CFP: 28th American Indian Workshop

From Ethnomuseums:

Call for Papers

28th American Indian Workshop

Organized in conjunction with the exhibition
Premières Nations, Collections Royales
at the
Musée du quai Branly, Paris
10–12 May 2007


"Premières Nations, Collections Royales" showcases a selection from the world's single largest group of seventeenth- and eighteenth-century Native American artifacts from eastern North America. Originally part of the collections of the kings of France and of the nobility, they reflect the French colonial interest in Canada and Louisiana and provide a rare view of early styles of skin painting, quillwork, and textile arts as well as of other aspects of the ethnography of the North American Woodlands, Subarctic, and Plains.

Related to the subject matter of the exhibition, the 28th American Indian Workshop will be devoted to the discussion of the following themes:

1. Collections and Artifacts from eastern North America prior to 1800
Early ethnographic material from eastern North America remains a vastly understudied field of research. Widely scattered in European and American museums and often insufficiently documented, these precious documents not only present serious problems of interpretation, but also offer often surprising insights into stylistic change and cultural adaptation. Contributions of 30 minutes are invited, which relate either to individual collections or collectors, regional traditions of early collecting, or artifact types of early, historically collected material from North America east of the Rocky Mountains.

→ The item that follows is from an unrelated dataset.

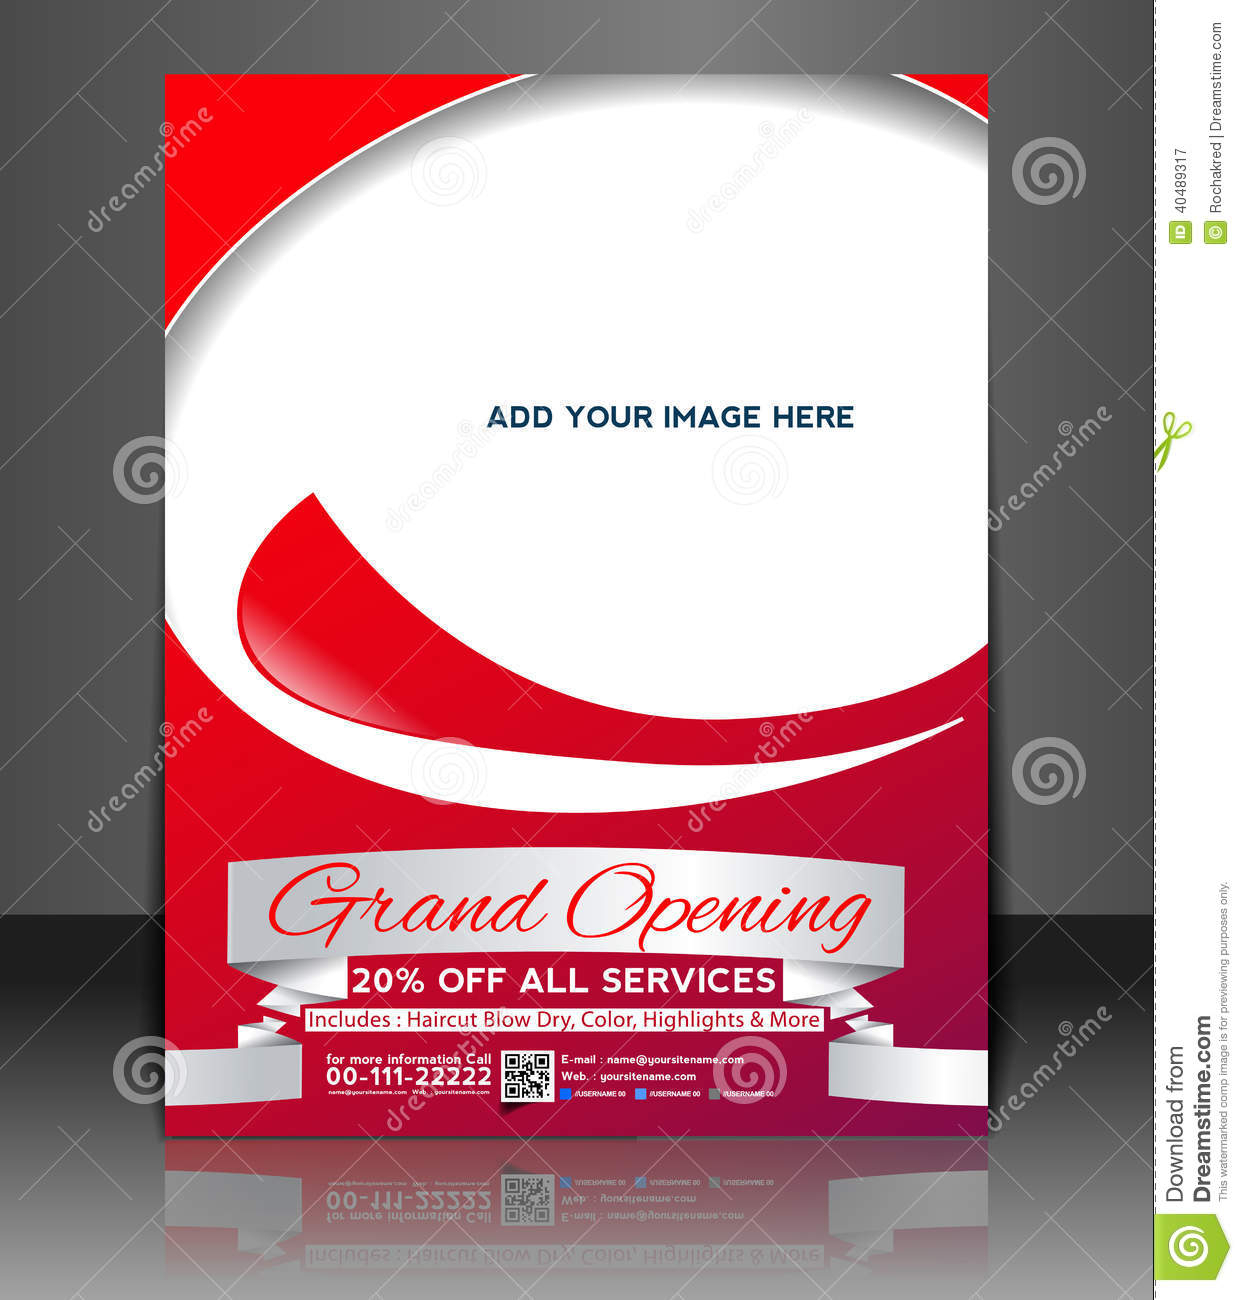 Grand Opening Flyer Design Stock Vector. Illustration Of With Regard To Grand Opening Flyer Template Free

2. Native Americans and Museums
The European and Euro-American collecting and display of Native American material cultural documents has a long history reflecting changing attitudes and modes of representation of Otherness. The more recent interest of Native American communities in self-representation through the adaptation of the Western model of the museum poses interesting questions regarding the role of objects in the constitution of cultural memory and the reflection about the past. Papers of 30 minutes are invited that deal with either Native American or Western concerns and practices in relation to archaeological and ethnographic material as well as works of art from indigenous North America, including the reflection of these issues in literature and the arts.

3. Current Research
The Workshop's traditional Current Research session provides a forum for brief presentations (20 minutes) of recent research in all fields relating to Native American history, languages, literature, arts, and culture

Proposals for presentations, including a title and abstract of up to 100 words, may be submitted to Christian Feest (christian.feest@chello.at ) before 15 March 2007.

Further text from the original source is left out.